La sclerosi multipla è una malattia autoimmunitaria, nella quale la guaina di rivestimento dei nervi, la mielina, si danneggia perché colpita per errore dal sistema immunitario. Il meccanismo è tutto ciò che della malattia si è riusciti a ricostruire, nonostante decenni di ricerche, ed è bastato a trovare terapie farmacologiche che frenano l'aggressione. Quando però ci si interroga sulle cause della sclerosi multipla, che colpisce 60mila italiani e 2,5 di persone milioni nel mondo, si fanno delle ipotesi che spaziano da quella genetica a quella virale. E se la causa fosse di natura cardiovascolare, anziché neurologica? È il dubbio avanzato da Zamboni, secondo il quale è possibile che alcuni tipi di sclerosi multipla siano causati da un'interruzione dei flussi circolatori che rimuovono l'eccesso di ferro nel cervello. Nelle placche tipiche della sclerosi, infatti, esisterebbero depositi di ferro, determinati da un eccessivo ristagno nel sangue, in quantità nettamente superiore a quella presente nei tessuti normali, la cosiddetta insufficienza venosa cronica cerebro spinale (Ccsvi). Per risolvere questa ostruzione si può far ricorso a un intervento di angioplastica, definito liberazione. Viene inserito un catetere per via endovenosa che "naviga" fino a quando non incontra la strettoia. Dal catetere si gonfia un palloncino che dilata le vene, ripristinando il normale flusso di sangue dal cervello al cuore. Il palloncino poi viene riestratto. Un intervento mini-invasivo, eseguito in anestesia locale. Sembra facile, ma le controversie non sono poche e sono emerse in modo lampante all'ultimo congresso Ectrims (European commitee for treatment and research in multiple sclerosis) a Goteborg che ha dedicato molto spazio alla Ccsvi.

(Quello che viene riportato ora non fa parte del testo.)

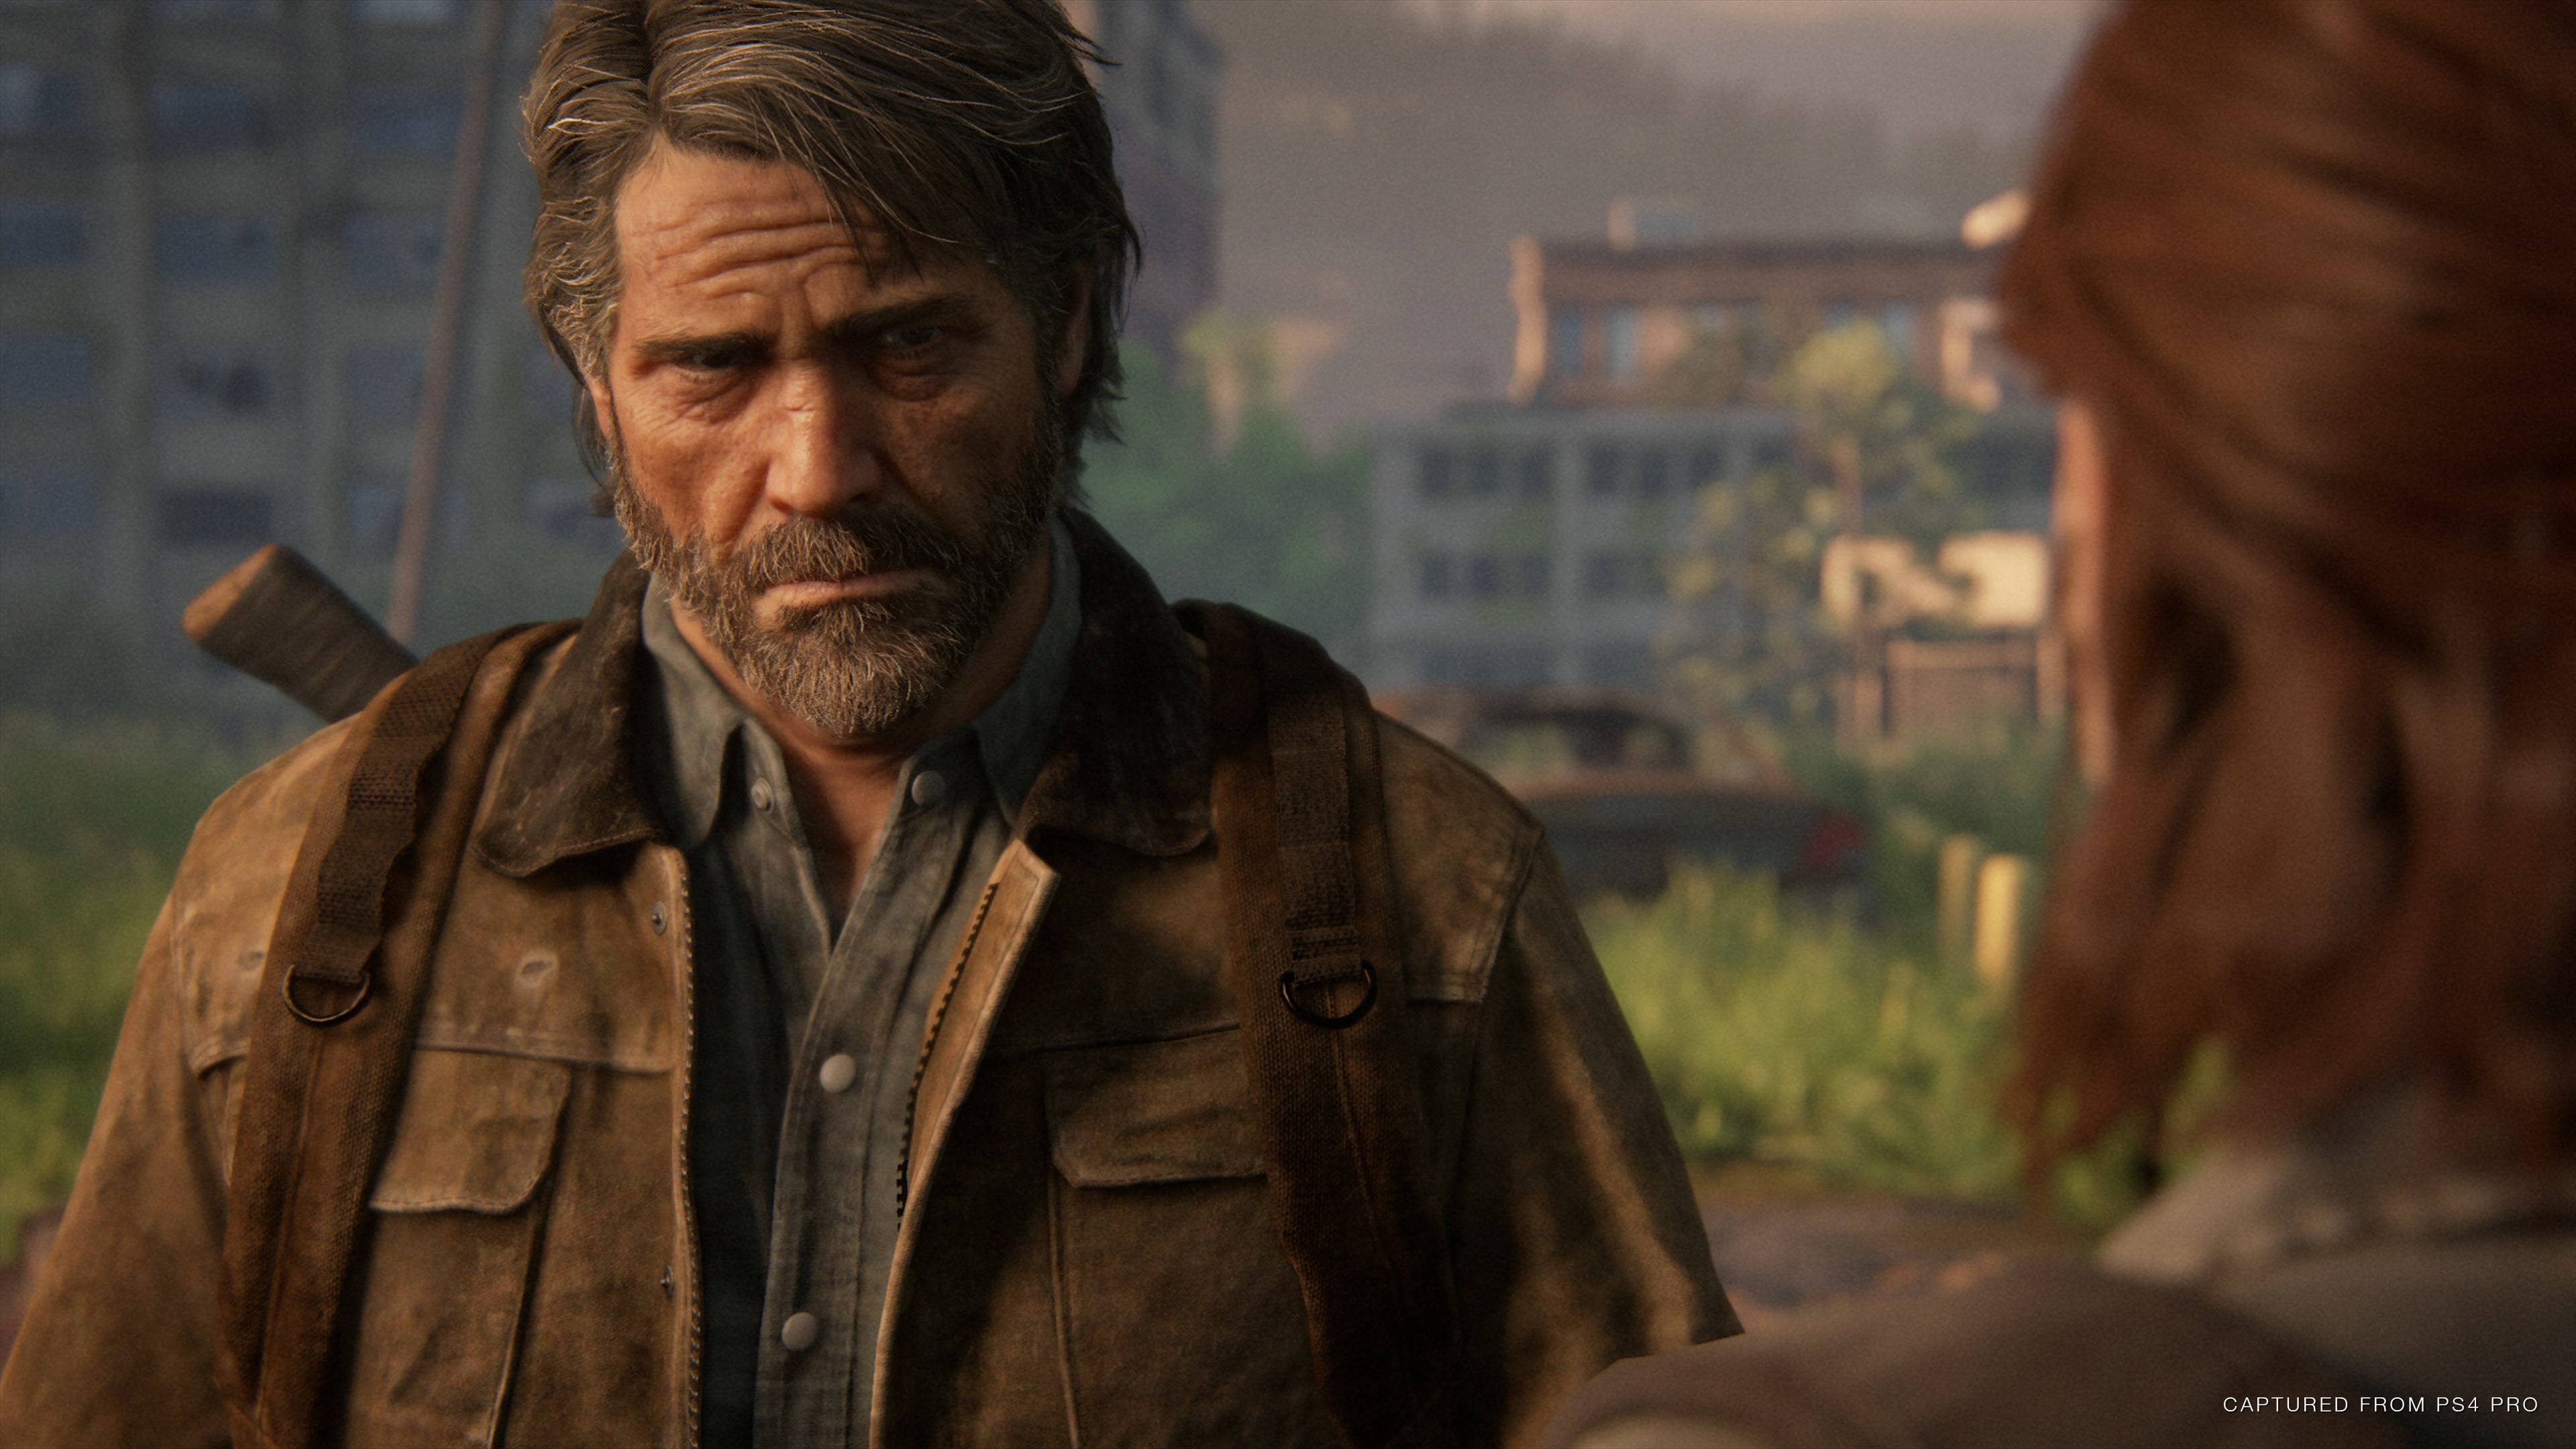 The Last of Us Part 2 para PS4 Mídia Digital (Compatível com PS5)
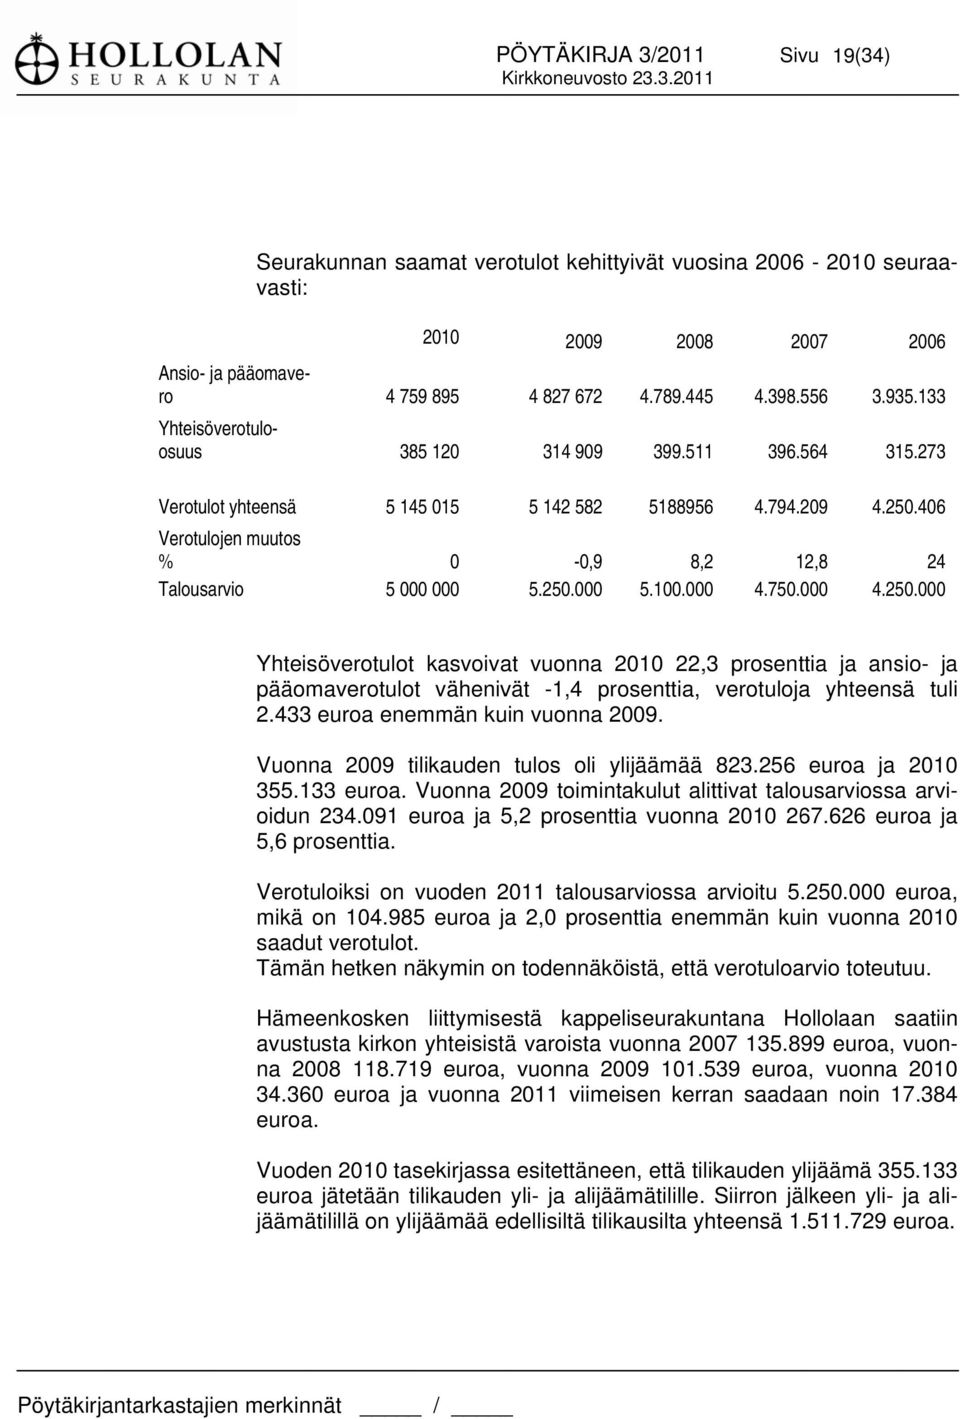 626 euroa 5,6 prosenttia. Verotuloiksi on vuoden 2011 talousarviossa arvioitu 5.250.000 euroa, mikä on 104.985 euroa ja 2,0 prosenttia enemmän kuin vuonna 2010 saadut verotulot.

«L'individuazione della Ccsvi è meritevole di essere presa in considerazione. Ma metterla direttamente in correlazione con la sclerosi multipla è una pura follia» senza mezzi termini Giancarlo Comi, presidente della Società italiana di neurologia, stronca il metodo Zamboni. «La malattia è geneticamente determinata. Lo prova il fatto che in un caso su tre, se uno dei due gemelli identici ha la sclerosi multipla, anche l'altro ce l'ha. Ma non è l'unico fattore. Un ruolo può essere rappresentato sia da fattori ambientali sia da fattori virali. Al di là di questo» continua Comi «un fatto è certo: la Ccsvi non causa la malattia. E lo stesso Zamboni nell'ambito di Ectrims lo ha riconosciuto». Qual è la strada da percorrere perciò? «Quella della sperimentazione. Per questo è stato definito un protocollo di studio internazionale, per capire l'eventuale ruolo nella patogenesi della sclerosi» Un protocollo in partenza dal quale, però Zamboni si è defilato per controversie sul metodo diagnostico utilizzato. Dal canto suo il chirurgo ferrarese rilancia con il protocollo, sostenuto dalla Regione Emilia Romagna. Uno studio «metodologicamente ineccepibile» come sottolineato da Zamboni in un'intervista, nel quale la metà dei pazienti sarà operata e l'altra metà no. Il tutto per osservare a distanza di un anno gli effetti. «Inaccettabile» secondo Comi «perché si mette a repentaglio la salute dei pazienti senza avere certezze sulla teoria». Toccherà alla politica dirimere le controversie e per questo è stato predisposto un tavolo prima di Natale. Nell'attesa è lo stesso chirurgo ferrarese a dare le indicazioni ai pazienti «non abbandonate i farmaci e non operatevi al di fuori di programmi di ricerca rigorosi e controllati. So che in Italia e all'estero si fa l'angioplastica e chiunque, con parcelle che arrivano anche a 50mila euro. Ma non ci si fa pagare per una cura che non ha concluso il suo iter sperimentale».